- Born: c. 1690 Mains of Larg, Dumfries and Galloway
- Died: 1752 or later Annapolis Royal, Nova Scotia
- Allegiance: Great Britain
- Branch: British Army
- Service years: 1709–1752
- Rank: Captain

= Patrick Heron (British Army officer) =

Captain Patrick Heron was a British Army officer in Nova Scotia during King George's War.

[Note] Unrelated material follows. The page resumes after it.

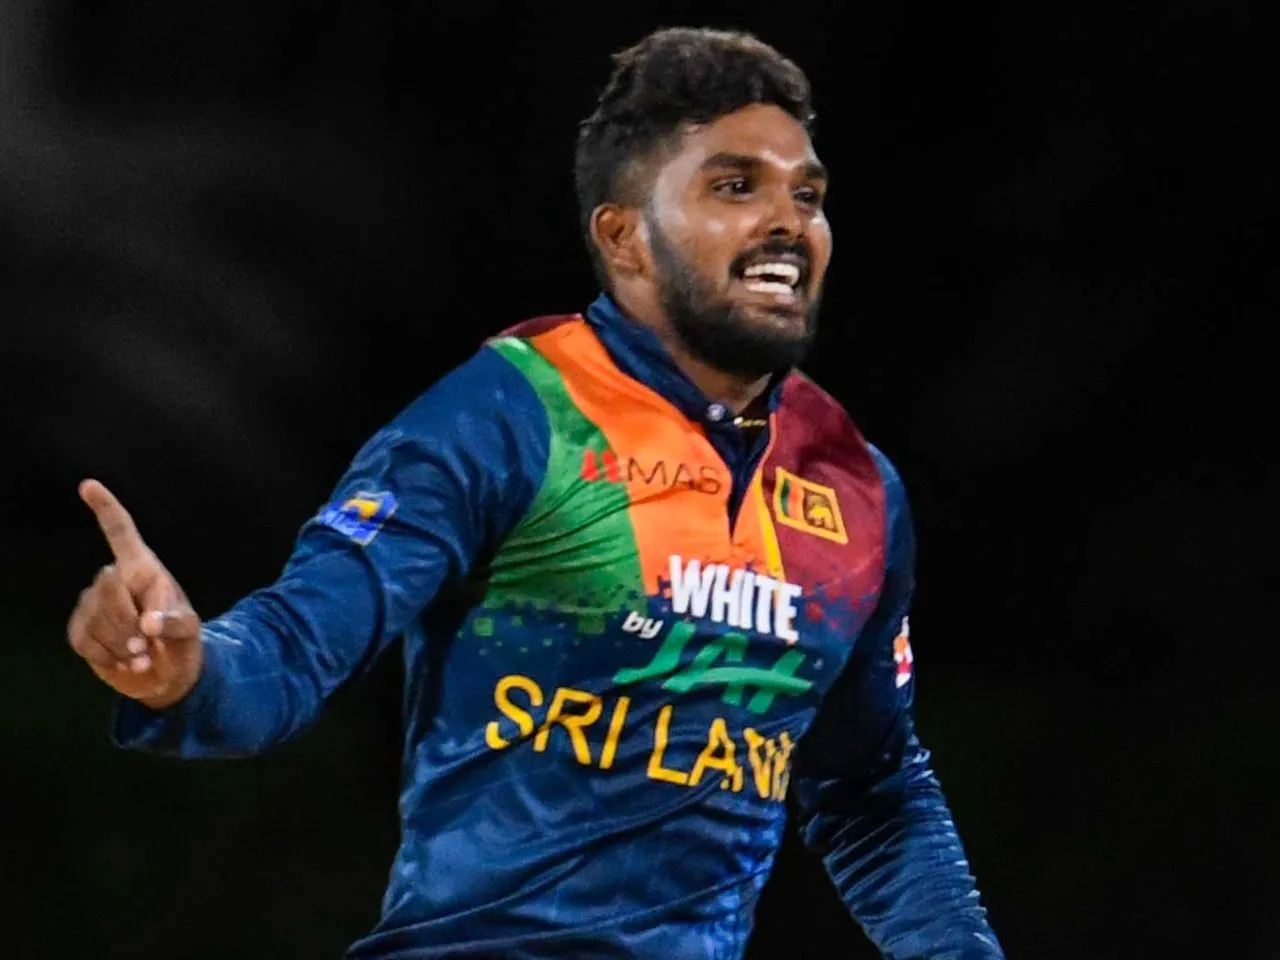 Top 5 bowlers fastest to reach 100 wickets in T20I cricket Featuring  Wanindu Hasaranga

Patrick Heron was born in the town of Mains of Larg around the year 1690. At age sixteen he traveled to London to learn commercial pursuits but ended up taking a position on a slaver bound for Guinea. Heron undertook two such voyages before his father procured for him a lieutenancy in Lord Mark Kerr's regiment of the British Army and soon after an officer's commission in Richard Munden's Regiment. In 1732 he went to North America, probably to avoid payment of debts. In 1737 Heron was stationed at Canso, Nova Scotia, a position which, despite a court martial, he held until he surrendered the town after a French surprise attack in May of 1744. Heron was held by the French as a prisoner of war in the Fortress of Louisbourg until 22 September of that year at which time he and the other British prisoners were released and transported to Boston. In Boston, they provided the Massachusetts leadership with valuable intelligence concerning the defences of the fortification at Louisbourg, which made possible its capture the following year.

Heron was struck from the regimental record in 1752, and nothing further is known of him.